Semantic Similarity Observations

1. Similarities between “cat”, “monkey”, and “banana”:
When using the en_core_web_md model, I noticed that:

“cat” and “monkey” have a moderate similarity (≈ 0.39) because both are animals.

“monkey” and “banana” also show a moderate similarity (≈ 0.37), likely reflecting the real-world association that monkeys eat bananas.

“cat” and “banana” have low similarity (≈ 0.23), showing they are unrelated concepts.

“apple” and “banana” have a very high similarity (≈ 1.0), as they are both fruits.

Example of my own:
If I compare “car”, “bus”, and “apple”, I would expect “car” and “bus” to be more similar (both vehicles), while “apple” would have low similarity to either, since it is a fruit.
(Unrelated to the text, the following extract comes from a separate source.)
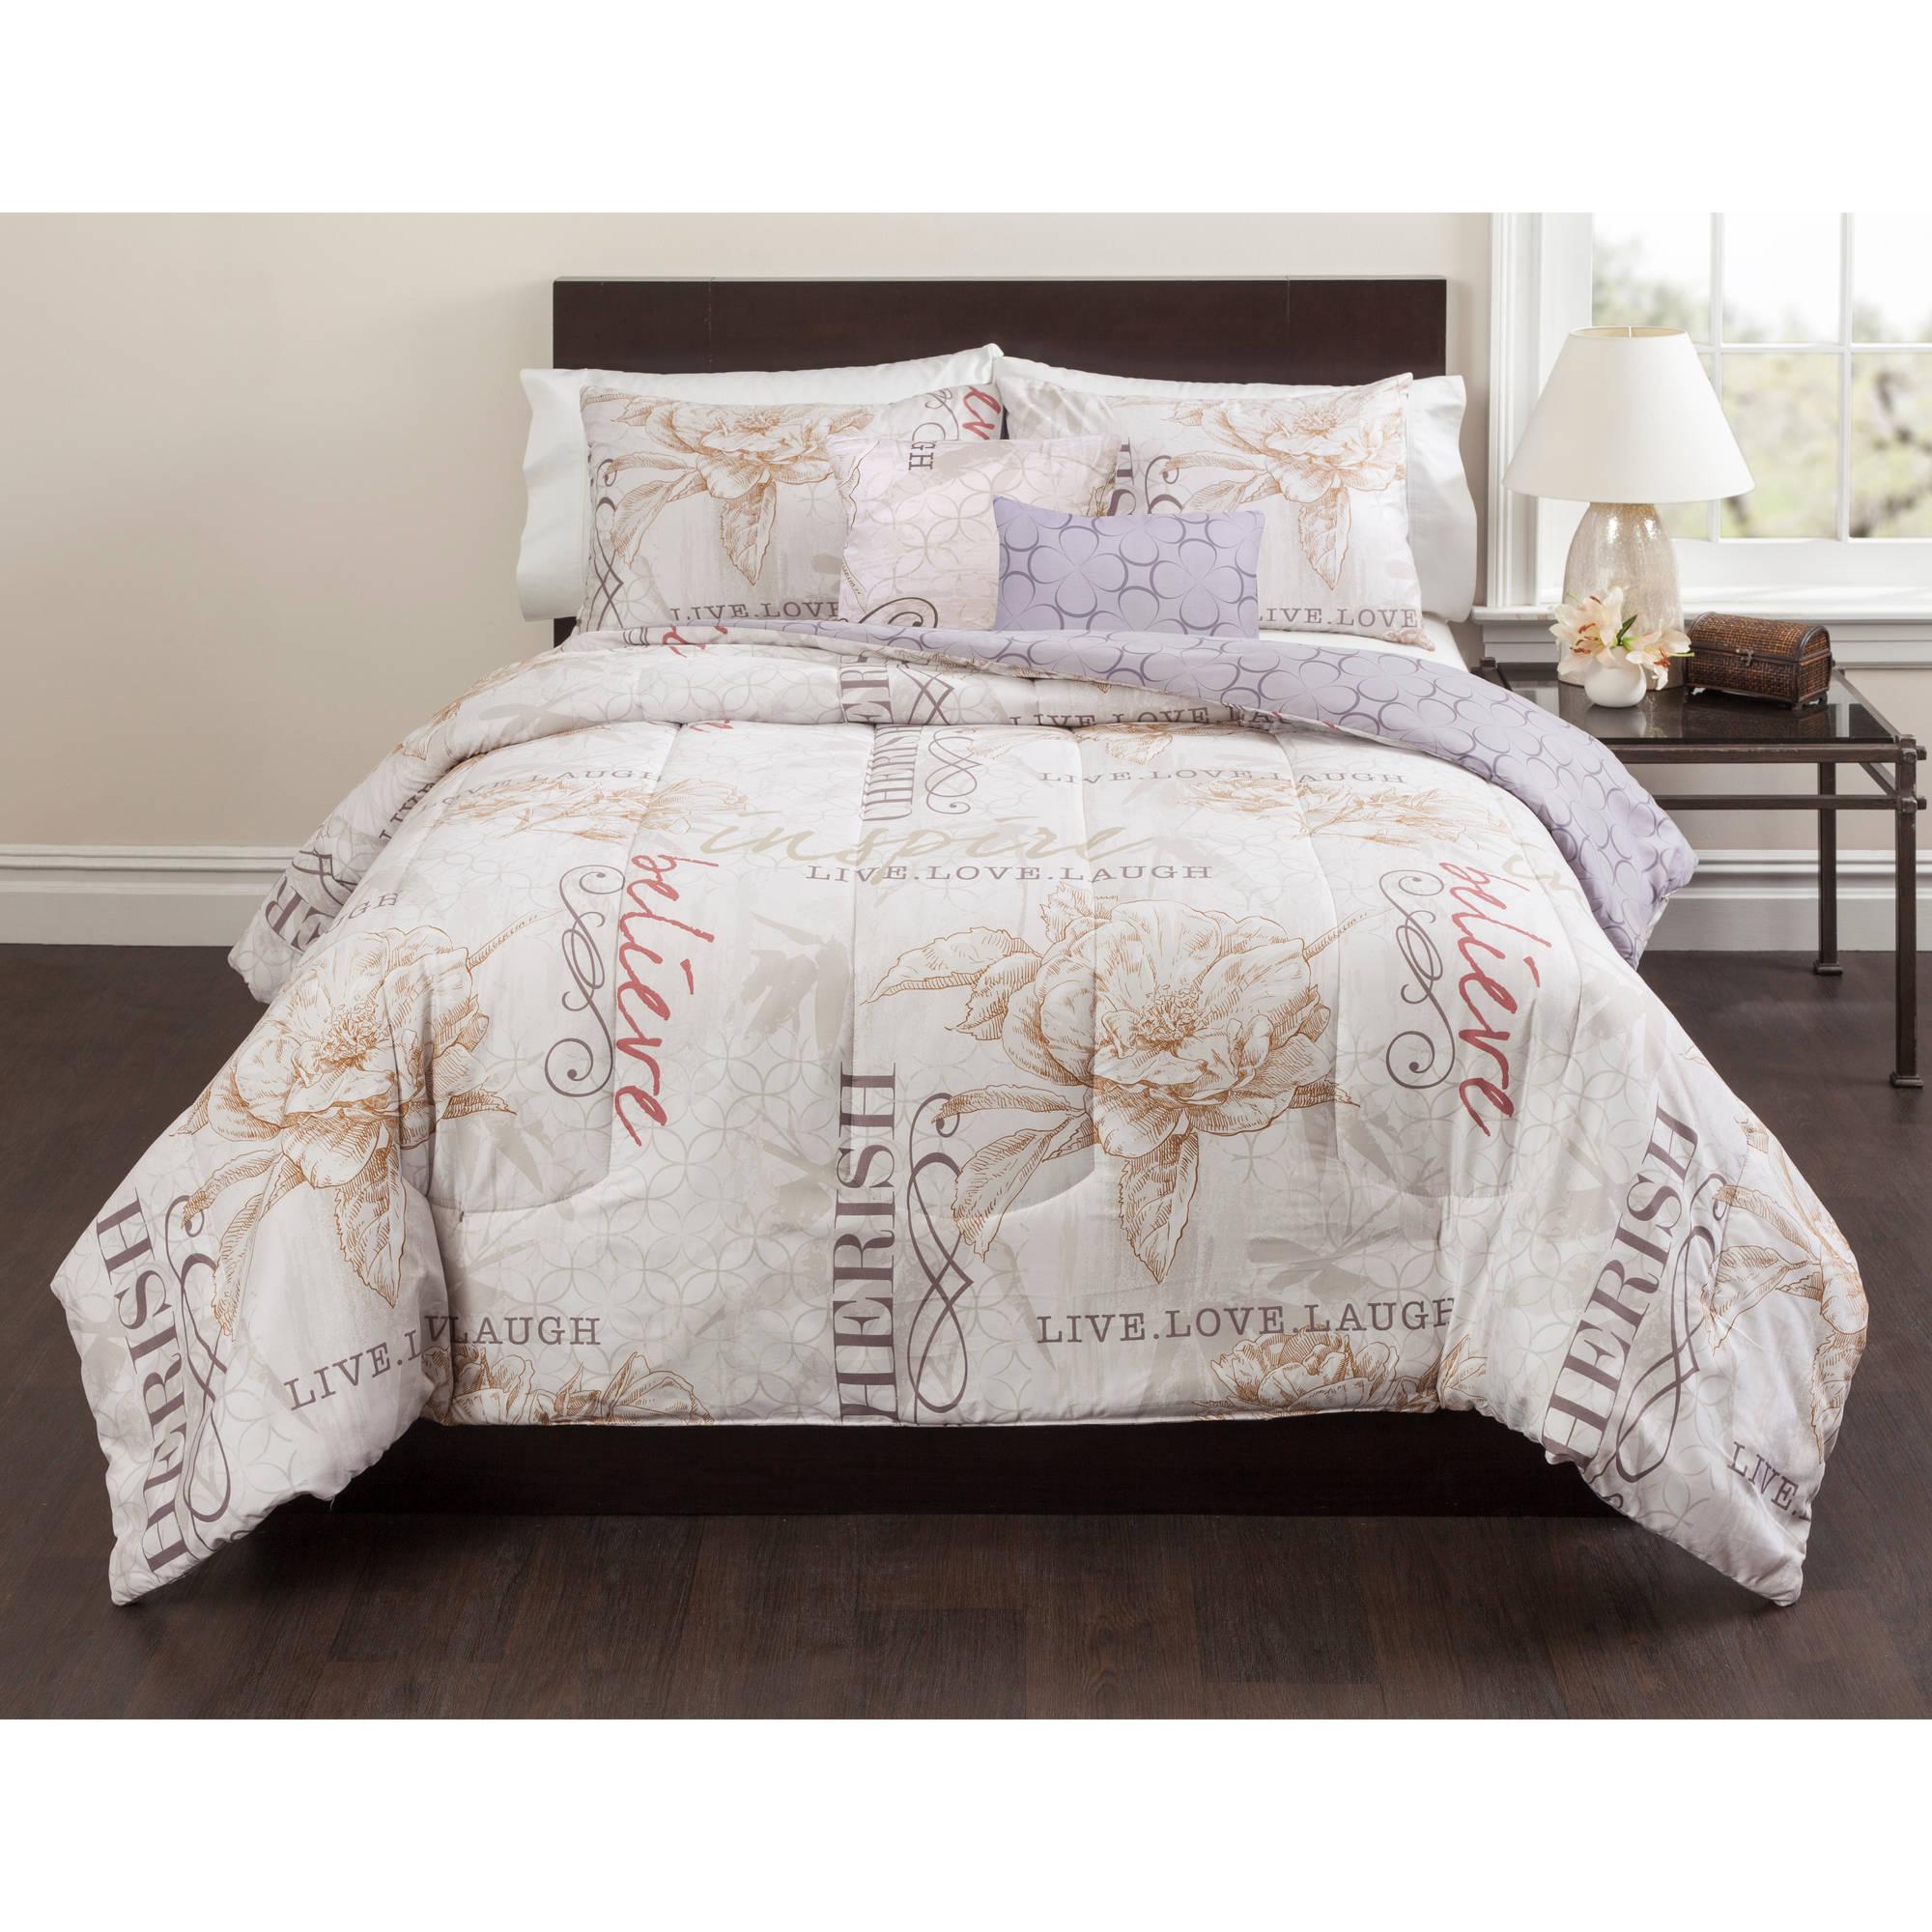 Casa Live Laugh Love 5 Piece Bedding Comforter Set

2. Comparison with en_core_web_sm:
When I ran the same example using the small model (en_core_web_sm), I noticed that:

The similarity scores were less intuitive and sometimes inconsistent. For example, “cat” and “banana” had a higher similarity than expected, and “apple” and “banana” were lower than in the medium model.

Conclusion:

The medium model (en_core_web_md) provides more meaningful and realistic similarity scores for both words and sentences, while the small model (en_core_web_sm) may produce unreliable results for semantic similarity tasks.